Au Cerege, nous travaillons sur les écosystèmes continentaux marins et océaniques car, tous les écosystèmes sont affectés par les changements globaux liés à l’action humaine. Dans l’océan, nous nous intéressons notamment à l’acidification de l’océan. L’océan absorbe un tiers des émissions de CO2 (ce que l’on appelle un puits de carbone) et même si cette absorption limite le réchauffement de la surface de la terre, elle se traduit néanmoins par une baisse du pH de l’océan. Mais, cette absorption qui limite le réchauffement de la surface de la terre, se traduit par une baisse du pH de l’océan. Nous travaillons sur l’évolution du plancton au cours des dernières centaines d’années en collaboration avec des généticiens. Nous essayons d’identifier d’éventuelles espèces plus résistantes qui pourront être favorisées dans le futur proche que ce soit en réponse au réchauffement et à l’acidification. Nous partons ainsi la semaine prochaine pour une campagne océanographique dans la mer des Caraïbes qui achèvera notre tour du monde des zones sensibles à l’acidification. Sur les continents, de nombreux chercheurs du Cerege travaillent sur les processus d’aridification, notamment en Afrique subsahélienne. Le lac Tchad, dont dépend un grand nombre de personnes, est un chantier prioritaire du Cerege, avec la reconstruction de ses niveaux passés. La complexité des interactions dans le système climatique est explorée par l’utilisation de modèles climatiques qui permettent de mieux comprendre le rôle respectif de chaque compartiment du système climatique.
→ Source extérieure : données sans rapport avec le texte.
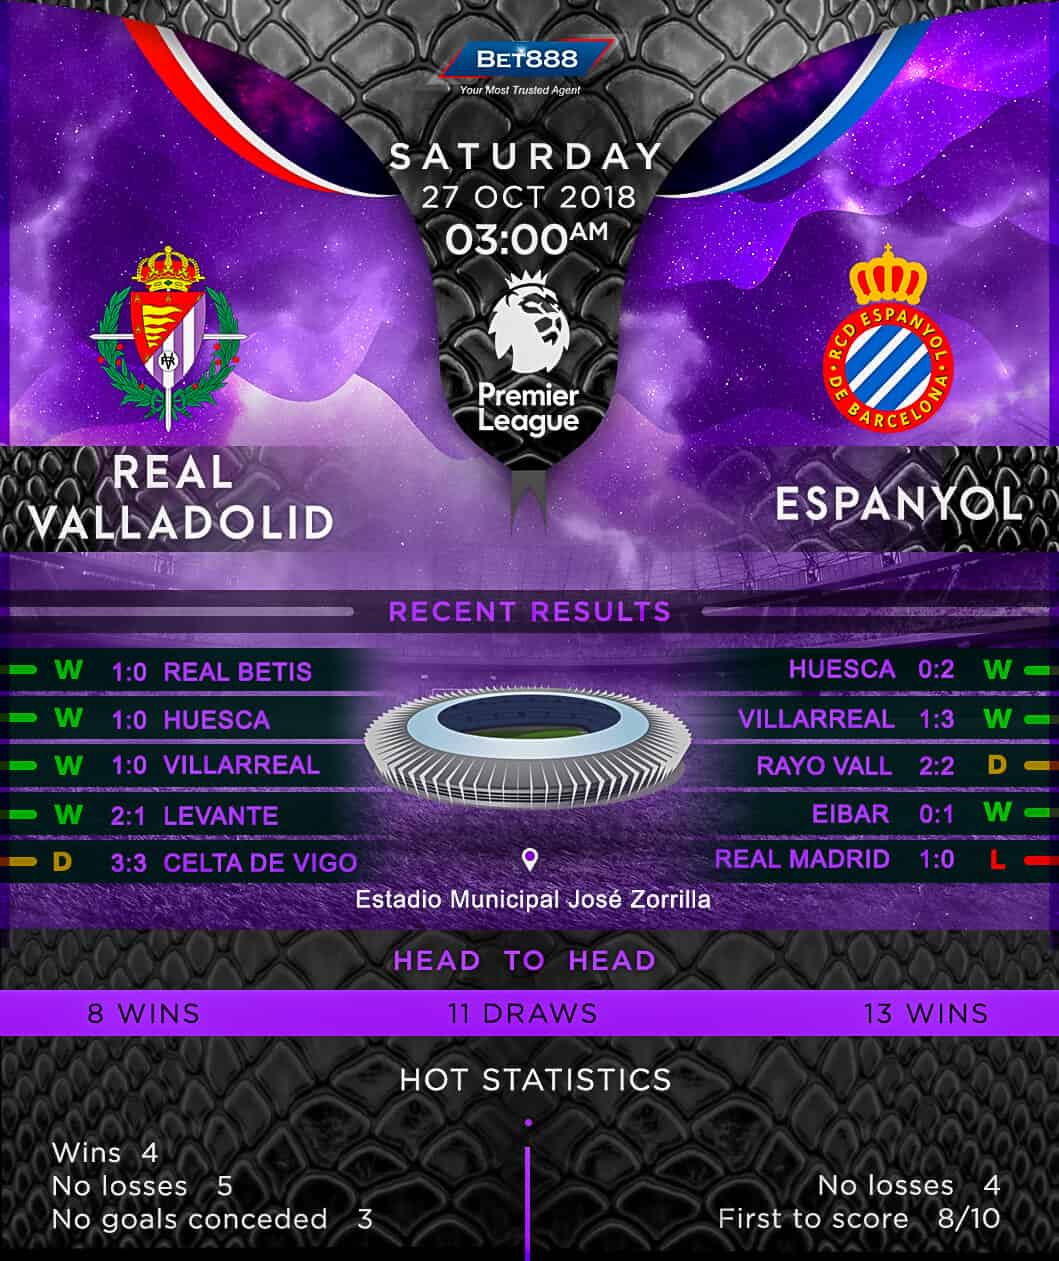 Real Valladolid vs Espanyol 27/10/18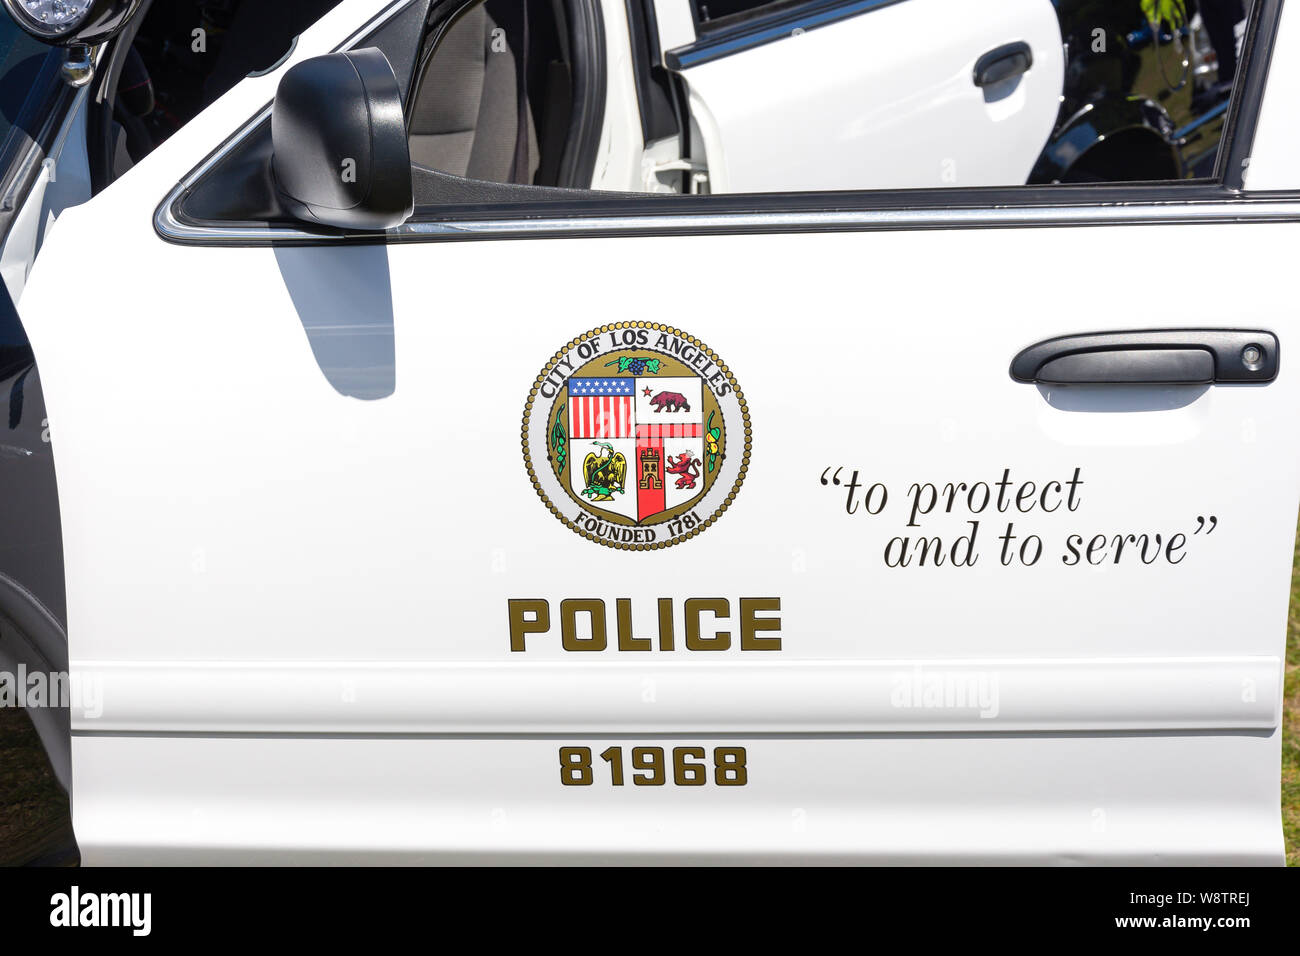 Los Angeles auto della polizia logo, Marina del Rey, Los Angeles, California, Stati Uniti d'America Foto Stock

Vous demander de ne citer que trois priorités à l’échelle de la planète semble dérisoire, alors disons plutôt quelles sont les trois Urgences qui s’imposent dans un futur opérationnel, sachant toutes les étapes intermédiaires à franchir pour y parvenir…
La première des priorités est évidemment de limiter au maximum les émissions de gaz à effet de serre au cours des prochaines années. Cet objectif n’est techniquement pas irréalisable : pour les CFCs, le protocole de Montréal en 1985 a réussi à limiter les émissions de CFCs, ce gaz destructeur de la couche d’ozone stratosphérique, d’une manière extrêmement efficace. C’est tout l’objectif de le la COP21 d’arriver à construire un nouveau schéma. La seconde priorité, à mon sens, est d’essayer de sortir du climat anxiogène lié au changement climatique, et ce volet passe par un effort continu des scientifiques pour la communication, et en particulier la vulgarisation auprès des plus jeunes. Les enfants sont sensibilisés à ces questions environnementales, et il faut poursuivre ces efforts !
La troisième priorité, c’est de mieux identifier les conséquences locales et régionales du changement climatique pour que les sociétés puissent s’y adapter. Paradoxalement, cette identification passe par des approches globales, car les meilleurs analogues du futur ne sont pas nécessairement les régions les plus voisines. Et ça passe donc par un socle de connaissance fondamentale, pas forcément focalisé sur la ville dans laquelle chacun de nous habite, sur les climats, sur les écosystèmes et sur tous les organismes vivants.